[CBMC] Recovering a plain text using only CRC64 hash

Previously, I've shown how to recover a short (printable) text by CRC32, using KLEE. This time the task is harder -- is it possible to recover a 12-char string by its CRC64 hash? (Bruteforce is not the option.)

Common sense says no, but if the input string is constrained in some way (say, it can consist only of a..z symbols and space), then it's possible:

#include <assert.h>
#include <stdio.h>
#include <string.h>
#include <stdint.h>
#include <inttypes.h>

uint64_t CRC64(uint64_t crc, uint8_t *buf, size_t len)
{
        int k;

        crc = ~crc;
        while (len--)
        {
                crc ^= *buf++;
                for (k = 0; k < 8; k++)
                        crc = crc & 1UL ? (crc >> 1) ^ 0x42f0e1eba9ea3693UL : crc >> 1;
        }
        return crc;
}

//#define STR "lorem ipsum "
#define STRLEN 12
#define HASH 0x791b385d86c37ffc

void check()
{
	char buf[STRLEN+1];
	buf[STRLEN]=0;
	int string_correct=1;
	for (int i=0; i<STRLEN; i++)
	{
		uint8_t t=buf[i];
		int char_correct=(t==' ' || (t>='a' && t<='z'));
		if (!char_correct)
			string_correct=0;
	};
	if (string_correct)
	{
		assert (CRC64(0, buf, STRLEN)!=HASH);
	};
};

int main()
{
};   

CBMC do the job very fast:

cbmc --trace --function check 1.c

...

CBMC version 5.10 (cbmc-5.10) 64-bit x86_64 linux
Parsing crc64.c
Converting
Type-checking crc64
Generating GOTO Program
Adding CPROVER library (x86_64)
Removal of function pointers and virtual functions
Generic Property Instrumentation
Running with 8 object bits, 56 offset bits (default)
Starting Bounded Model Checking
Unwinding loop check.0 iteration 1 file crc64.c line 30 function check thread 0
Unwinding loop check.0 iteration 2 file crc64.c line 30 function check thread 0

...

Unwinding loop CRC64.0 iteration 8 file crc64.c line 15 function CRC64 thread 0
Unwinding loop CRC64.1 iteration 12 file crc64.c line 12 function CRC64 thread 0
size of program expression: 705 steps
simple slicing removed 4 assignments
Generated 1 VCC(s), 1 remaining after simplification
Passing problem to propositional reduction
converting SSA
Running propositional reduction
Post-processing
Solving with MiniSAT 2.2.1 with simplifier
5883 variables, 13598 clauses
SAT checker: instance is SATISFIABLE
Runtime decision procedure: 0.118034s

** Results:
[check.assertion.1] assertion CRC64(0, buf, STRLEN)!=HASH: FAILURE

Trace for check.assertion.1:

State 17 file crc64.c line 27 function check thread 0
----------------------------------------------------
  buf={ 'l', 'o', 'r', 'e', 'm', ' ', 'i', 'p', 's', 'u', 'm', ' ', 0 } ({ 01101100, 01101111, 01110010, 01100101, 01101101, 00100000, 01101001, 01110000, 01110011, 01110101, 01101101, 00100000, 00000000 })

...

This is it! Indeed, a CRC64 hash has 64 bits. But how many bits has a 12-character string, where each symbol can be one of 27?

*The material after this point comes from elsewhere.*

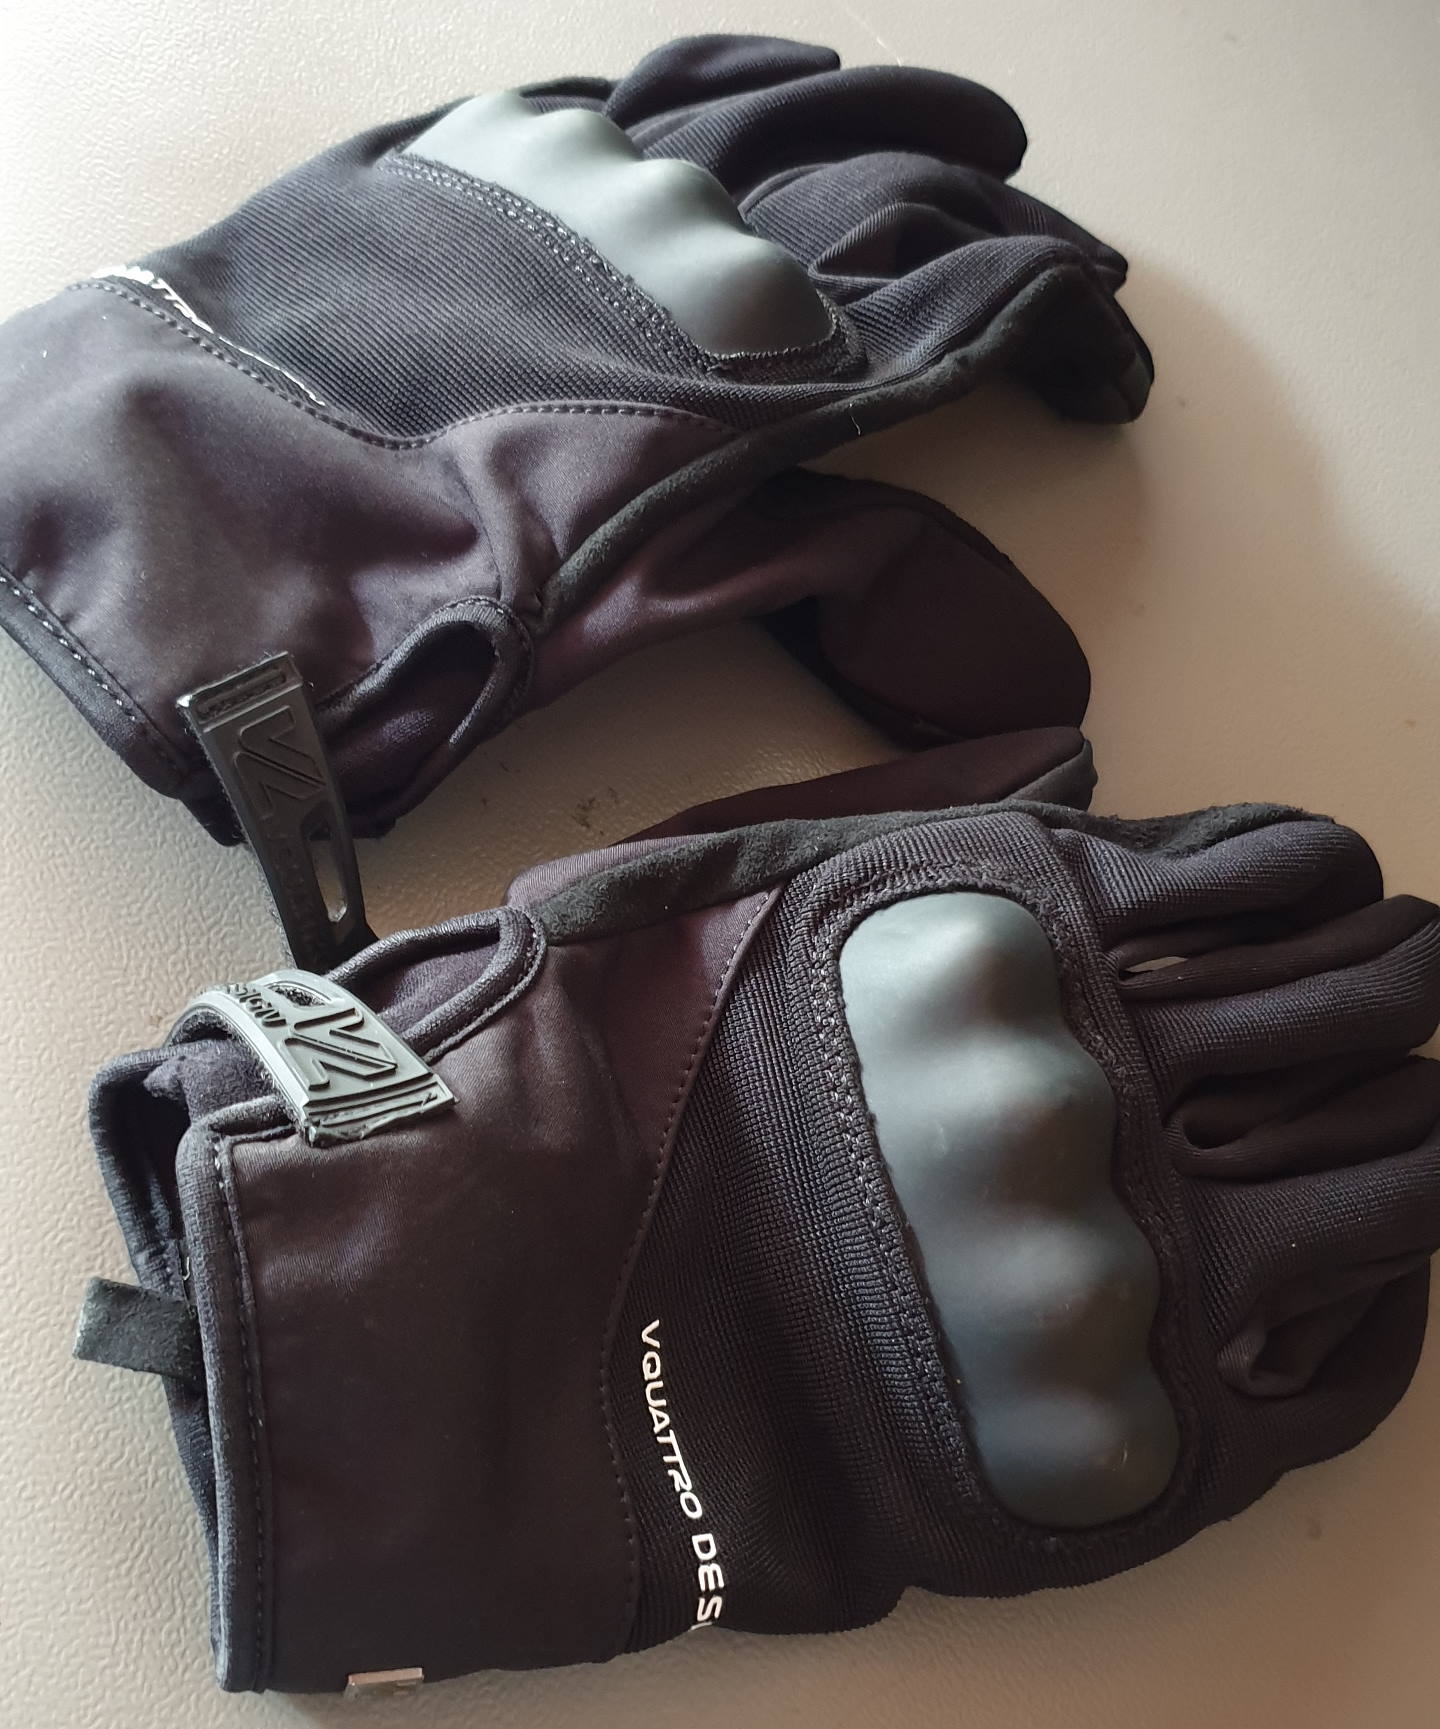 Motor cycle gear: Jacket, Helmet, Boots, Gloves

$log_2(27^{12}) \approx 57$ bits.

I've failed when trying 13-char string: $log_2(27^{13}) \approx 61$ bits (closer to 64). CBMC can easily find a 13-char string satisfying our 64-bit CRC64 hash, but the result is different from "lorem ipsum". Perhaps, we could enumerate all possible strings using SMT solver...

Thanks to Martin Nyx Brain again, for help.